Electronics Mart India Ltd’s recent quarterly results indicate a company at a crossroads. The flat financial trend score suggests that the sharp declines of the past may be stabilising, but the path to sustained growth remains uncertain. Investors should weigh the strong revenue and PBDIT growth against the challenges of rising interest costs, declining cash reserves, and low capital efficiency.

Given the company’s mixed signals, a cautious approach is advisable. The stock’s recent outperformance relative to the Sensex in the short term may reflect market optimism about a turnaround, but the longer-term underperformance and fundamental concerns temper enthusiasm. Monitoring upcoming quarterly results for confirmation of margin expansion and improved return metrics will be critical.

In the context of the diversified retail sector, Electronics Mart faces intense competition and evolving consumer preferences. Strategic initiatives to improve operational leverage, reduce debt costs, and enhance cash flow generation will be key to regaining investor confidence and improving its Mojo Grade further.

Summary

To summarise, Electronics Mart India Ltd’s December 2025 quarter delivered record net sales and PBDIT, alongside strong quarterly PAT growth.
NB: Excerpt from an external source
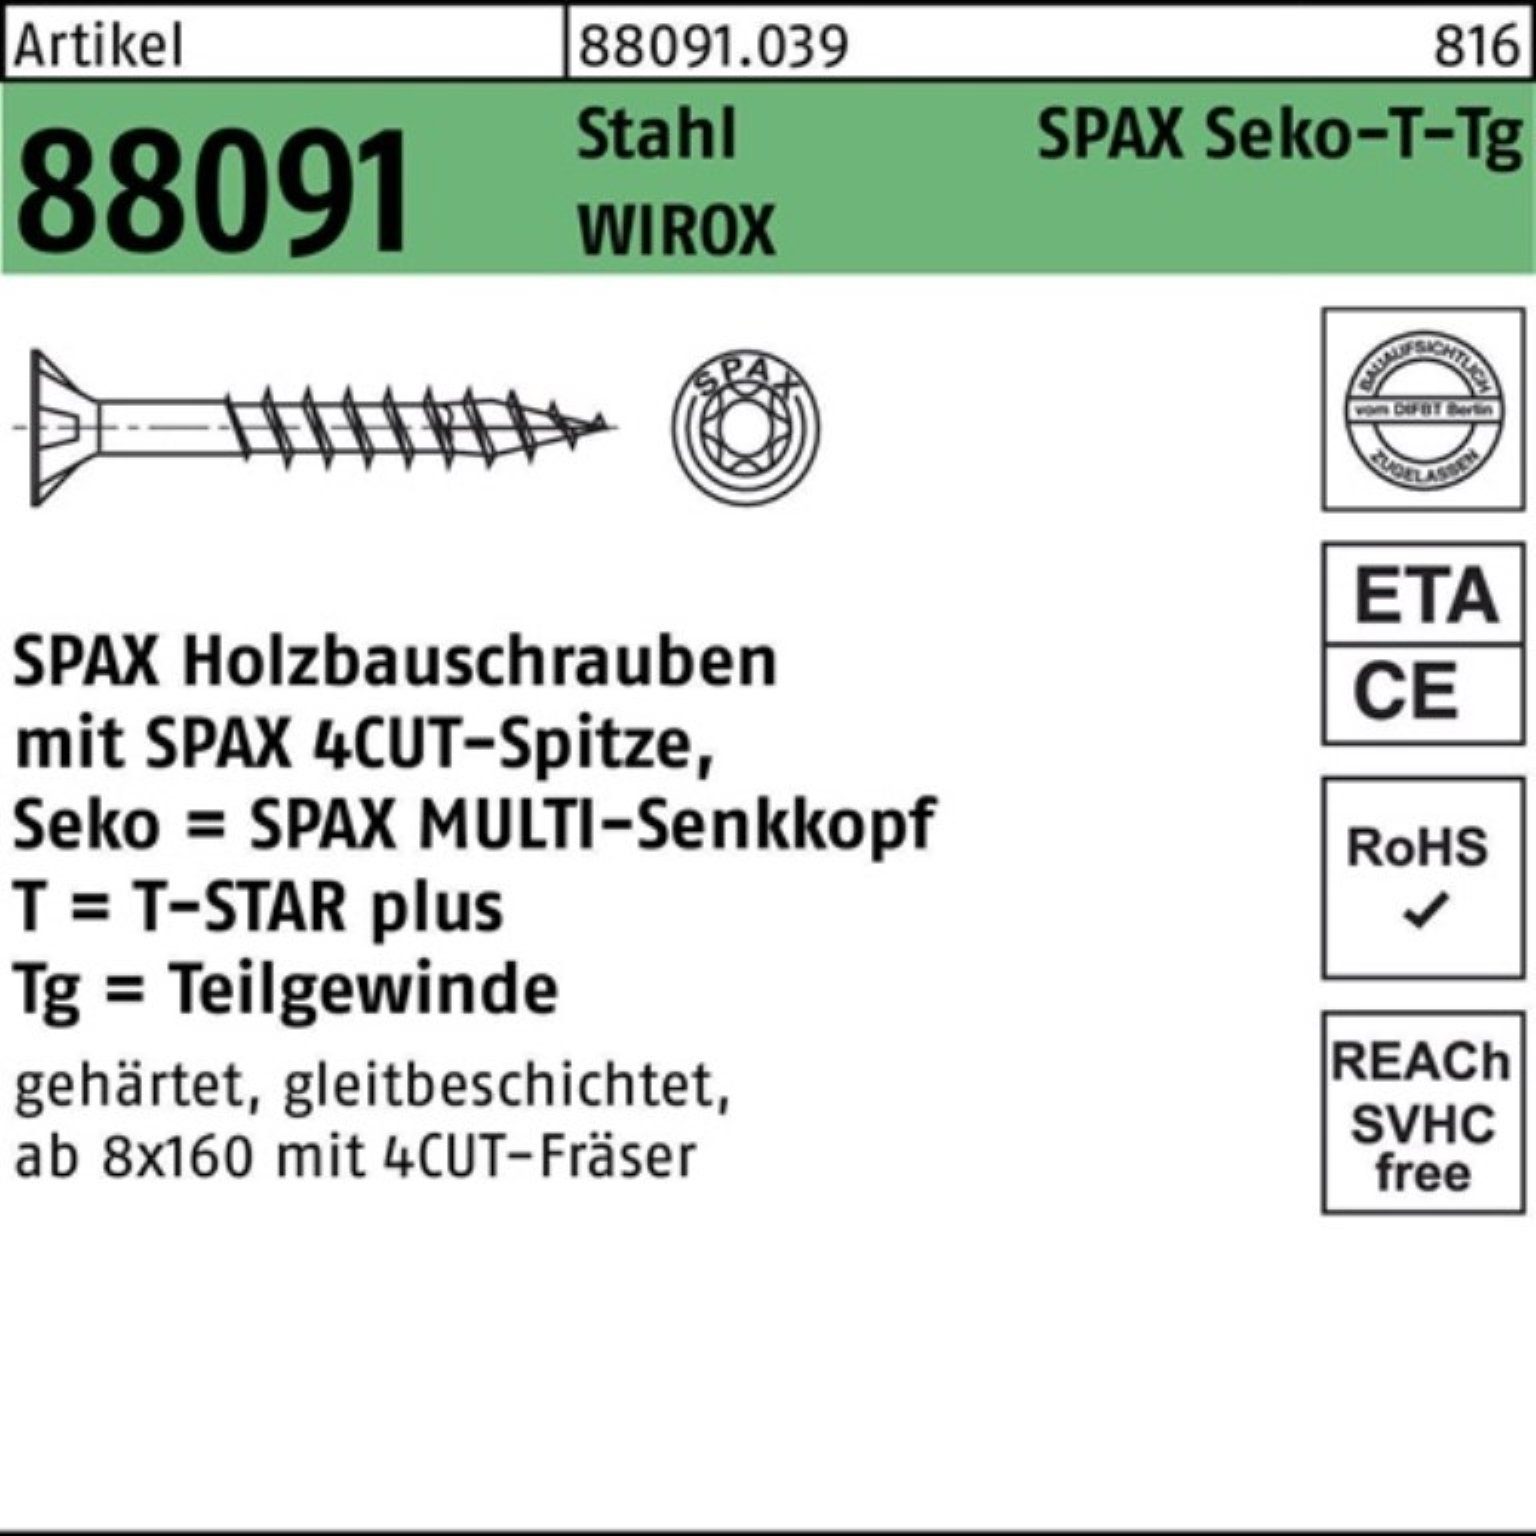 SPAX Schraube 100er Pack Schraube R 88091 SEKO/T-STAR TG 10x 400/80-T50 Stahl WIROX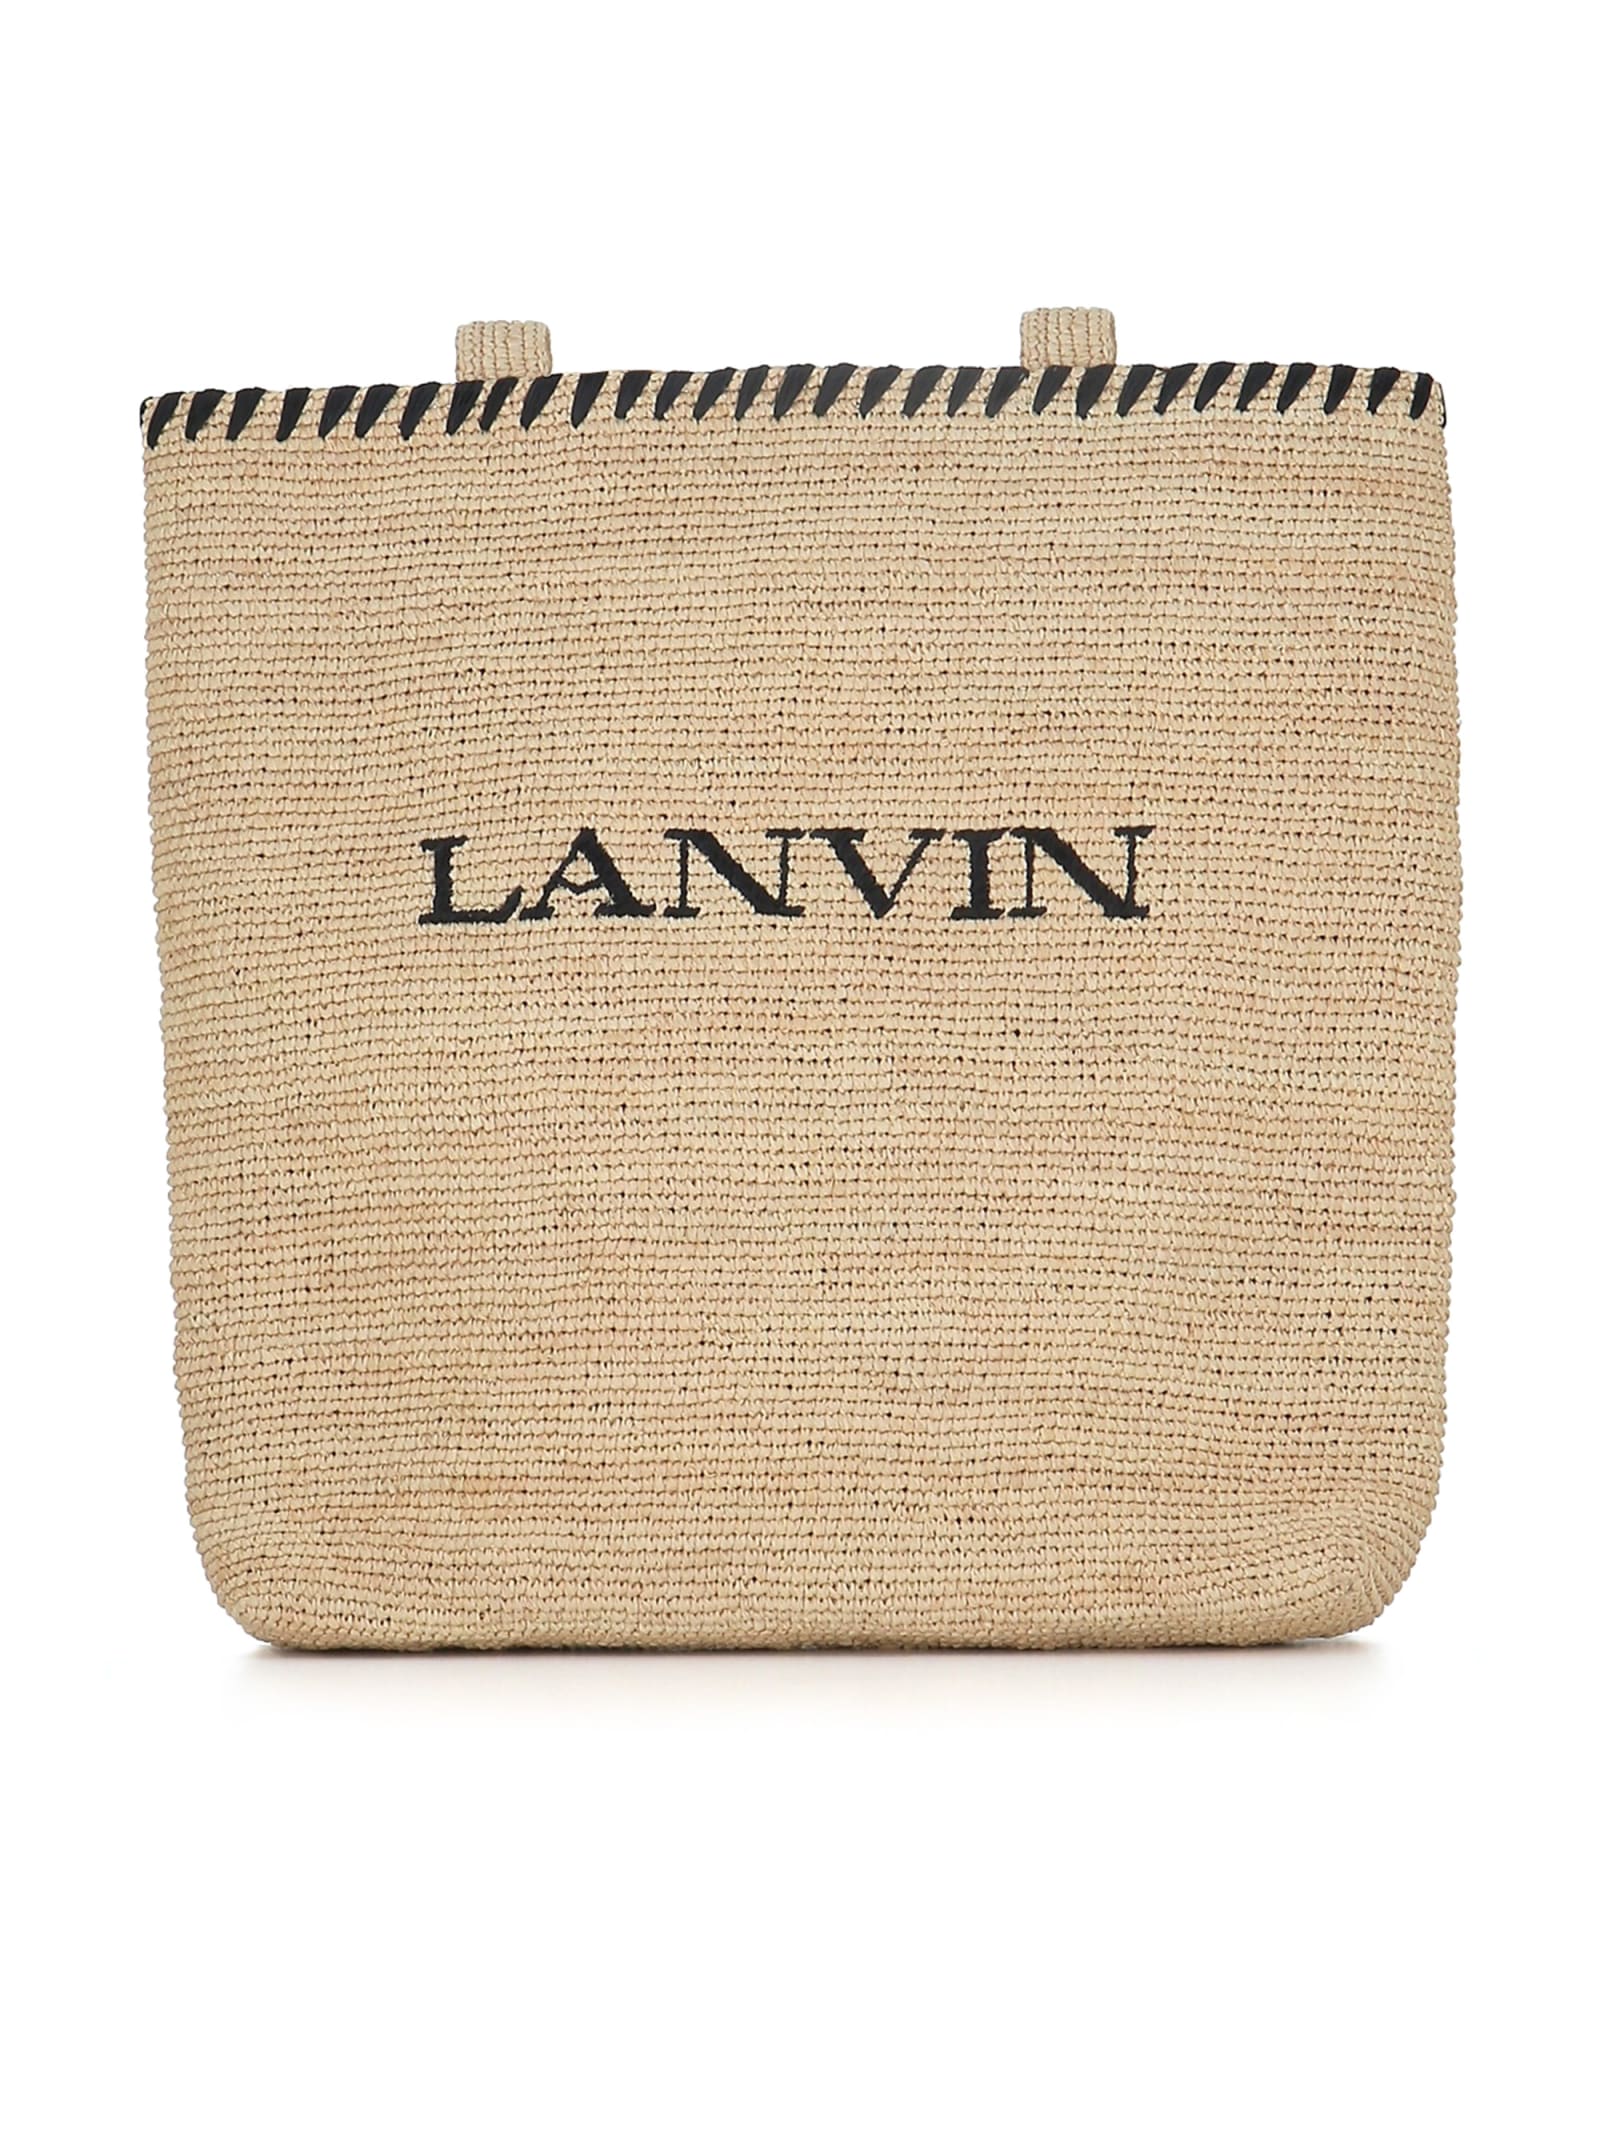 Shop Lanvin Raffia Tote Bag In Beige

However, the broader financial picture remains mixed with flat overall trends, rising interest expenses, and low ROCE. The stock’s recent price gains contrast with longer-term underperformance, reflecting investor uncertainty. The recent upgrade from Strong Sell to Sell by MarketsMOJO acknowledges progress but underscores the need for continued improvement.

Investors should remain vigilant, analysing future earnings releases and sector developments to assess whether Electronics Mart can convert its recent operational gains into sustainable profitability and shareholder value.